• **Data**:

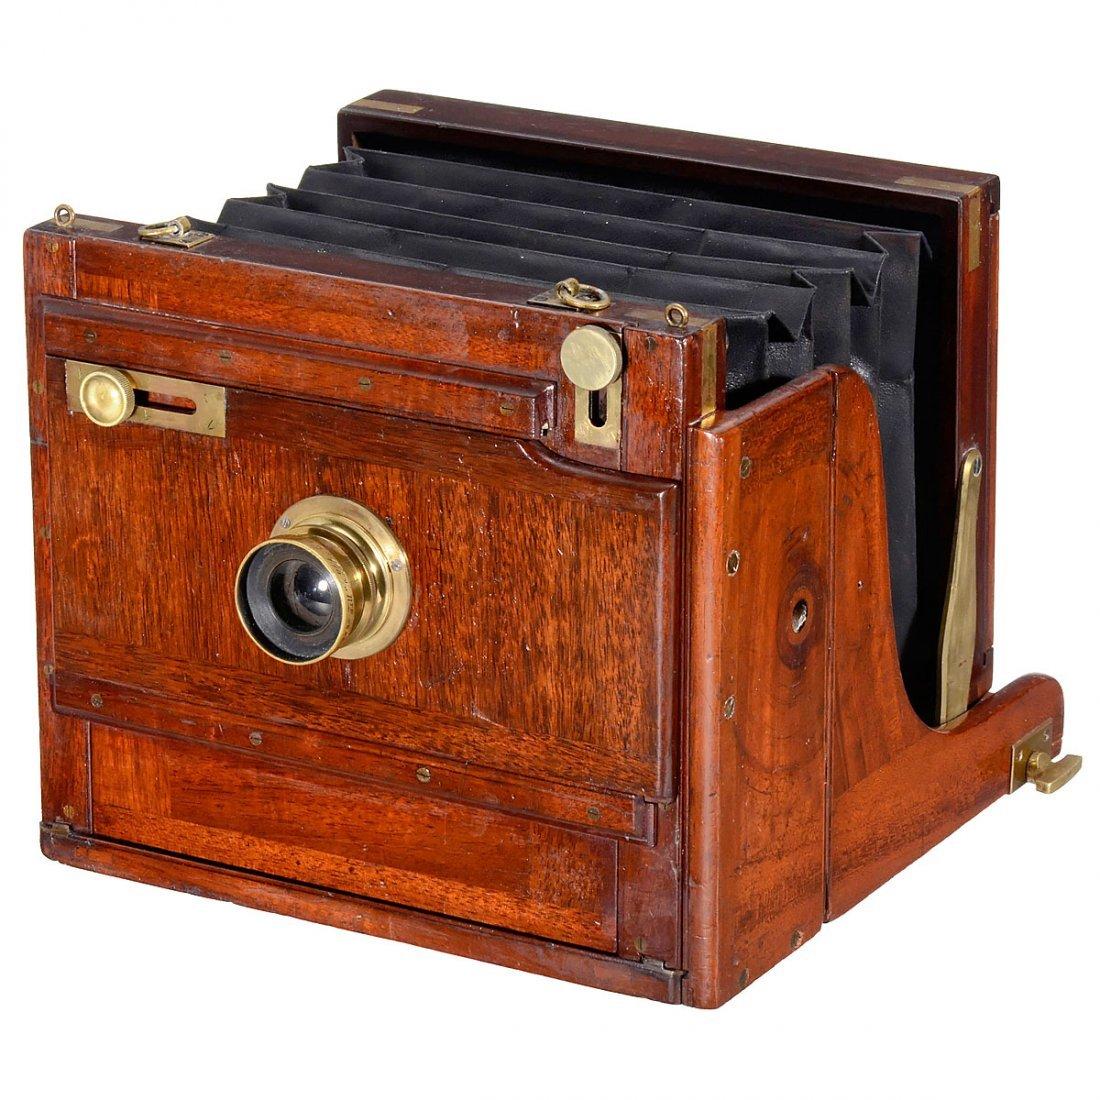 "English Stereo Camera for ""Sliding Lens Board"", c. 1880"
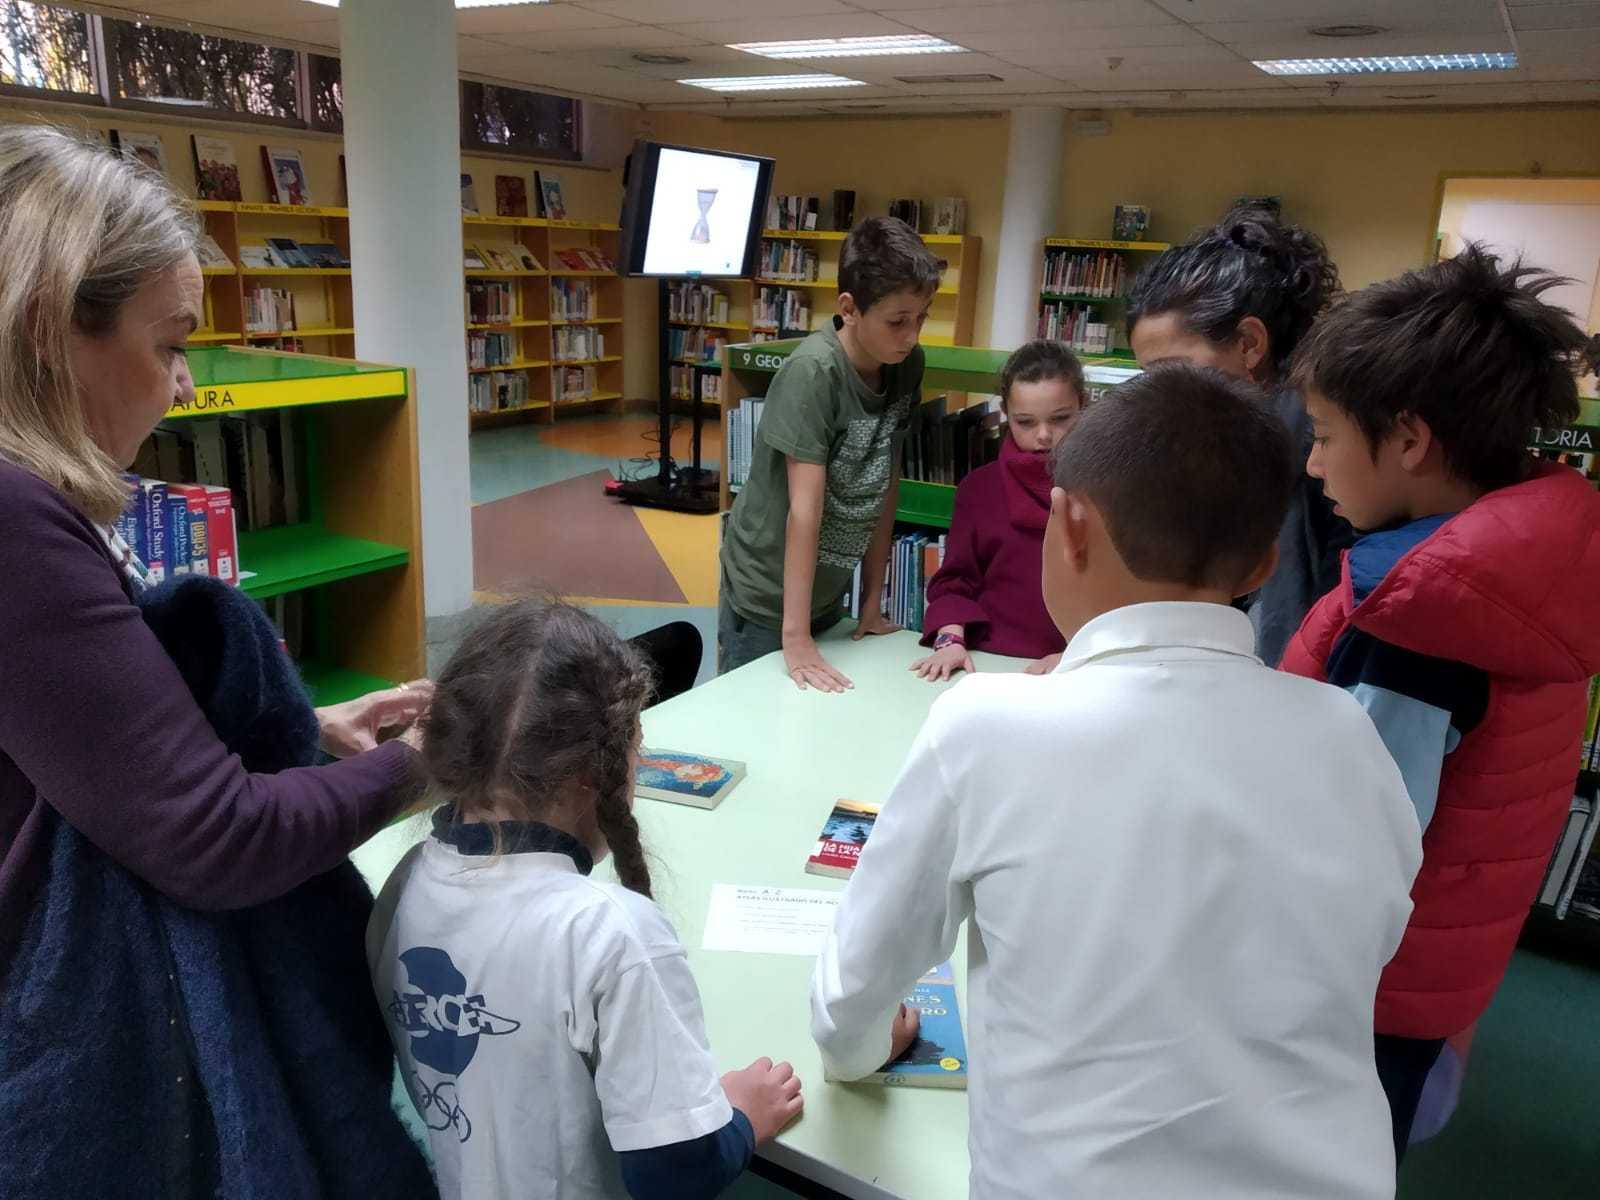 2019_04_04_Quinto visita la Biblioteca de Las Rozas_CEIP FDLR_Las Rozas
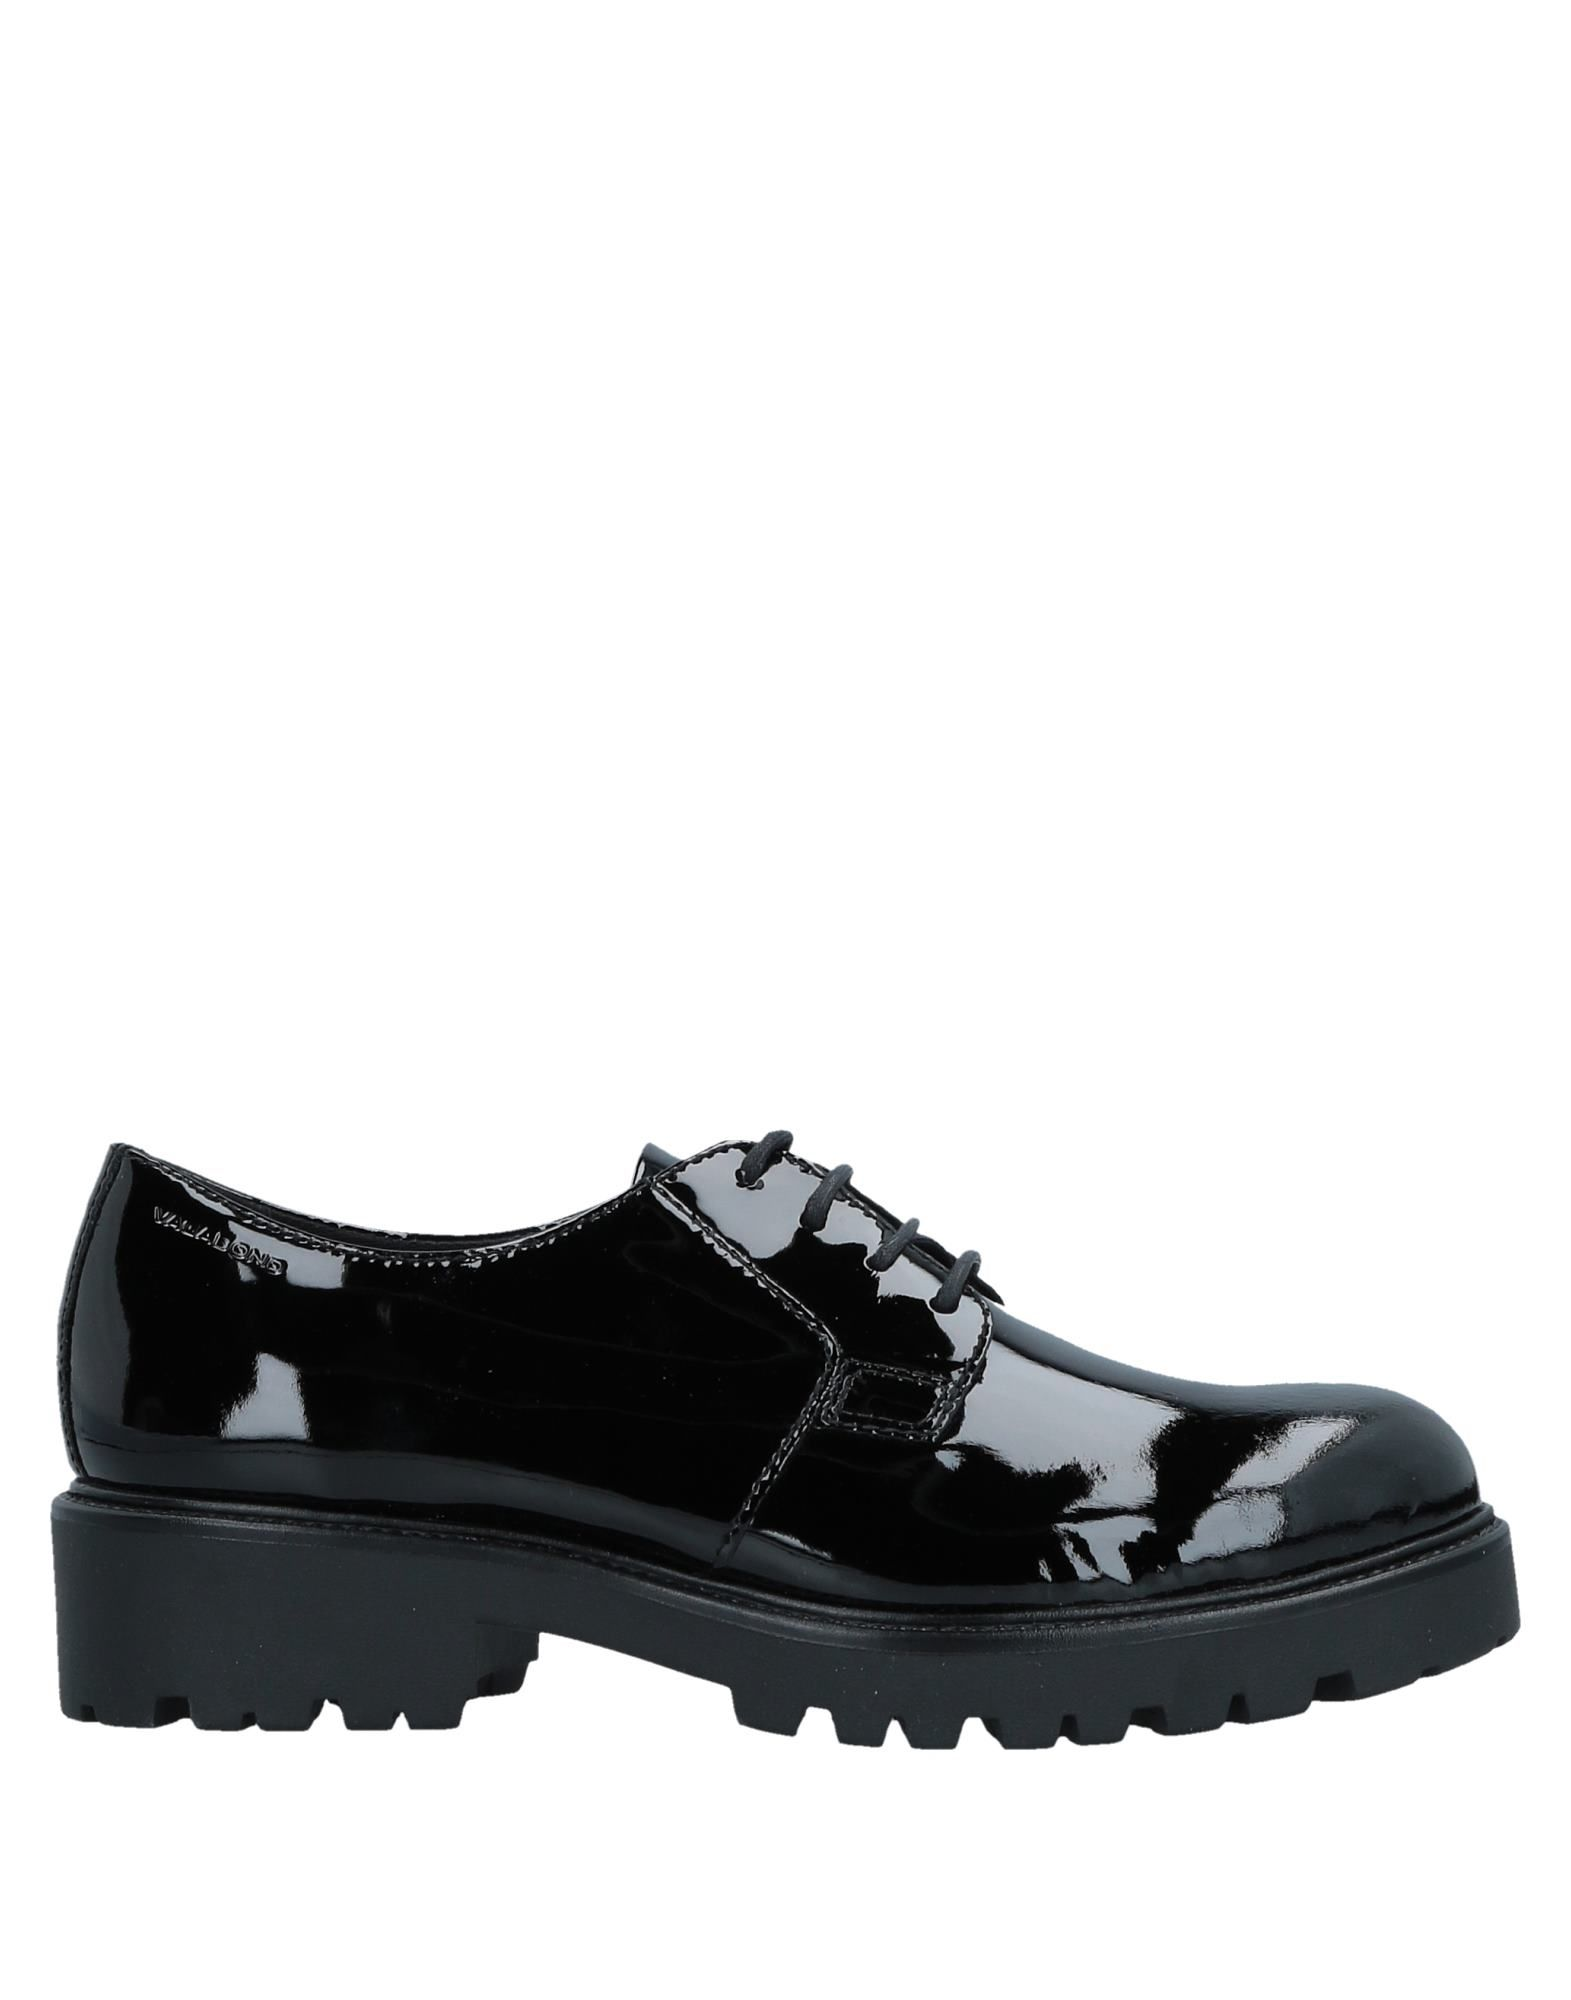 Stringate Vagabond Shoemakers Donna - 11522772PU

• **Activity**: The data needs to be reproduced exactly, please, apart from its pictures.

• **Result for this exercise**:
 "English Stereo Camera for ""Sliding Lens Board"", c. 1880"
 2019_04_04_Quinto visita la Biblioteca de Las Rozas_CEIP FDLR_Las Rozas
 Stringate Vagabond Shoemakers Donna - 11522772PU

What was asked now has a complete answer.